On Wed, Sep 06, 2017 at 04:26:09AM -0700, T L wrote:
> > > It is just weird that the evaluation timing of *p is different to other
> > expressions, such as, *p+0, *p*1, func()int{return *p}m etc.
> >
> > The value depends on a data race so it's entirely undefined in all cases.
> > That the actual outcome then depends on trivial differences that may affect
> > CPU loads/stores, instruction ordering, register usage, etc isn't
> > surprising.
>
> I don't think it is so complex. It is simply that gc adopts a different
> route for evaluate pointer dereference.
It's not complex, it's a simple data race.
In your code
var num = 10
var p = &num
c := make(chan int)
go func() {
c <- func()int{return *p}()
}()
time.Sleep(time.Second)
num++
fmt.Println(<-c)
two goroutines -- the main one and the one you spawned are accessing the
variable "num" concurrently without any synchronization.
Some assorted points to may be make this more clear:
* Sleeping for "just enough" time is not a form of synchronization.
* You might be driven away by using a function literal which is
immediately executed but that's pretty much equivalent to just doing
c <- *p
which supposedly makes the data race over the variable "num"
even more obvious.
* You might keep false assumption that function literals producing
function values close over values -- that is, they work sort of as
code templates.
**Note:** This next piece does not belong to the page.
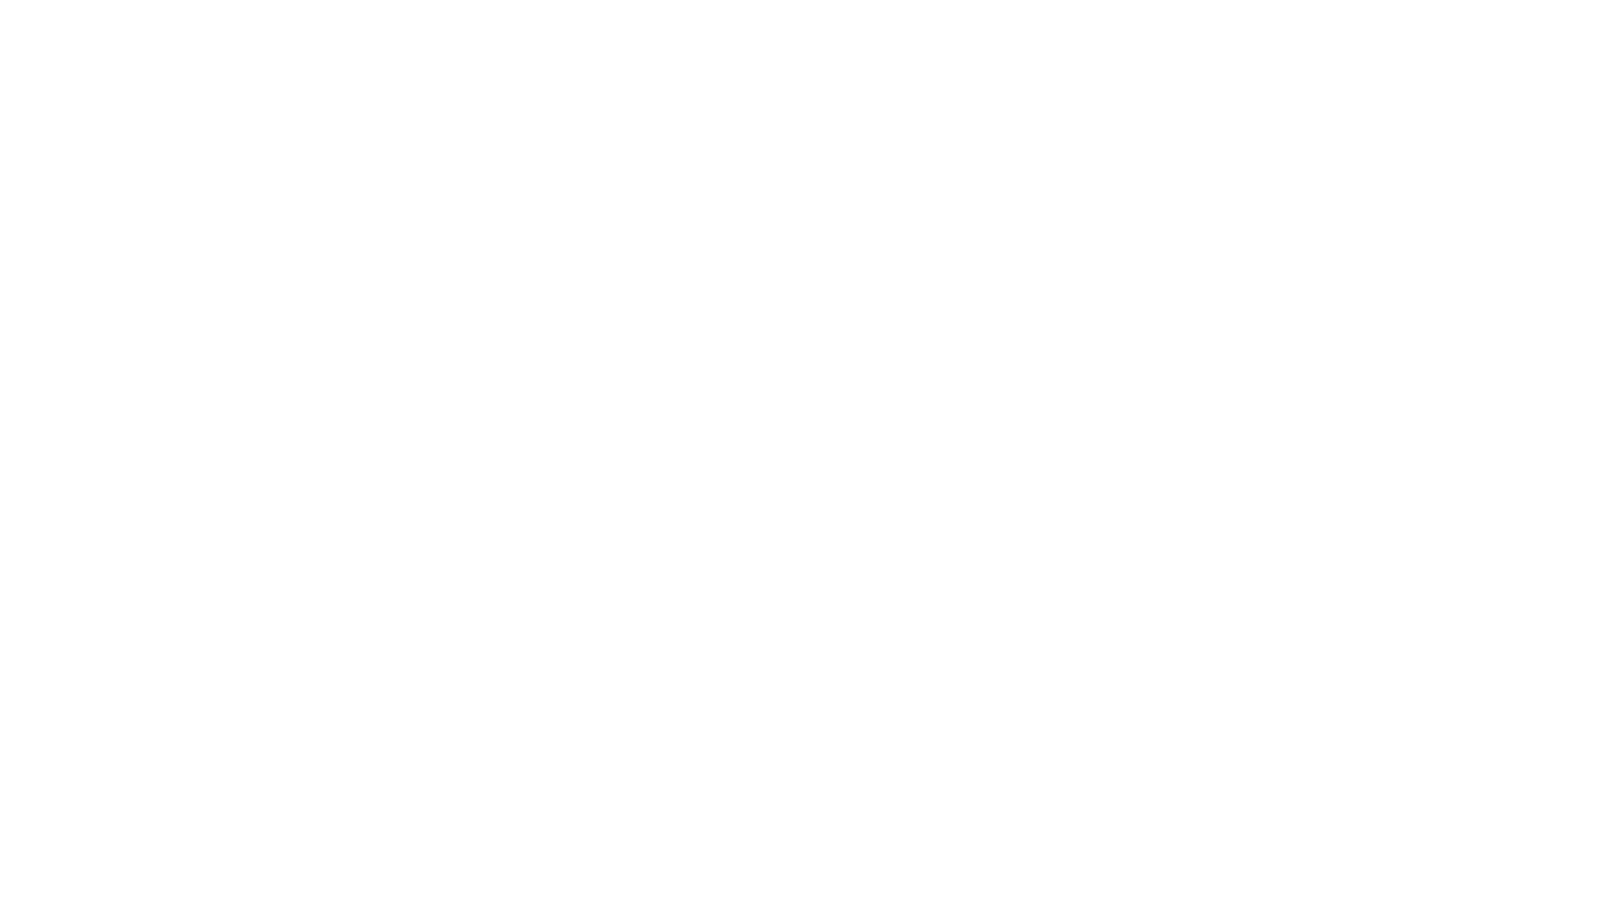 En el presente vídeo queremos mostraros el patinete eléctrico  ICE Q5 Evolution, un Patinete Eléctrico Potente muy equilibrado por su potencia, Suspensión, Frenos que lo sitúan como uno de los más vendidos en España  🛴  Links de compra : 🛒  - ICE Q5 Evolution 52 18,2 Ah: https://rodando.es/tienda/ice-q5-evolution-52v-18-ah/ - ICE Q5 Evolution 52 V 23 Ah: https://rodando.es/tienda/ice-q5-evolution-52v-23-ah/ - ICE Q5 Evolution MAX 60 V  21 Ah con Frenos NUTT: https://rodando.es/tienda/ice-q5-evolution-max-60v-21-ah-lg-samsung-nutt/  Ruedas Patinete: https://rodando.es/tienda/neumatico-ice-q5-80-65-6-10x3-cityroad/  - Gama ICE: https://rodando.es/categoria-producto...  Envíos gratuitos a toda la península en 24/48 horas 🎁  📦 (excepto para Repuestos)  PODCAST 🎤 : https://open.spotify.com/show/64Jv6hn...  Te aclaramos todas tus dudas en los comentarios: 👇  Contacto:  ℹ️  https://rodando.es/ 📍 Calle Ribera de las Almadrabillas 5, 04004, Almería.

This is wrong: they close over variables, so in your
example the function value you're constructing before running it on
a separate goroutine closes over the variable "p", not the value
obtained by dereferencing it at the time of producing that function
value.
To explain what happens, step by step, the statement
go func() {
c <- func()int{return *p}()
}()
in your example:
1) Creates a function value which is a closure consisting of the
anonymous function
func() {
c <- func()int{return *p}()
}
and a reference to the variable "p" in the scope of the function
main().
2) Spawns a goroutine and tells it to execute the function value
created on the previous step.
3) When run, the function executes the function value produced by
the expression on the right side of the channel send statement.
That function value is itself a closure, closing over the variable
"p" in the scope of its lexical parent function -- the closure
created on step 1.
The pointer gets dereferenced and this action accesses the memory
location "backing" the variable "num".
The same memory is accessed concurrently from the main goroutine.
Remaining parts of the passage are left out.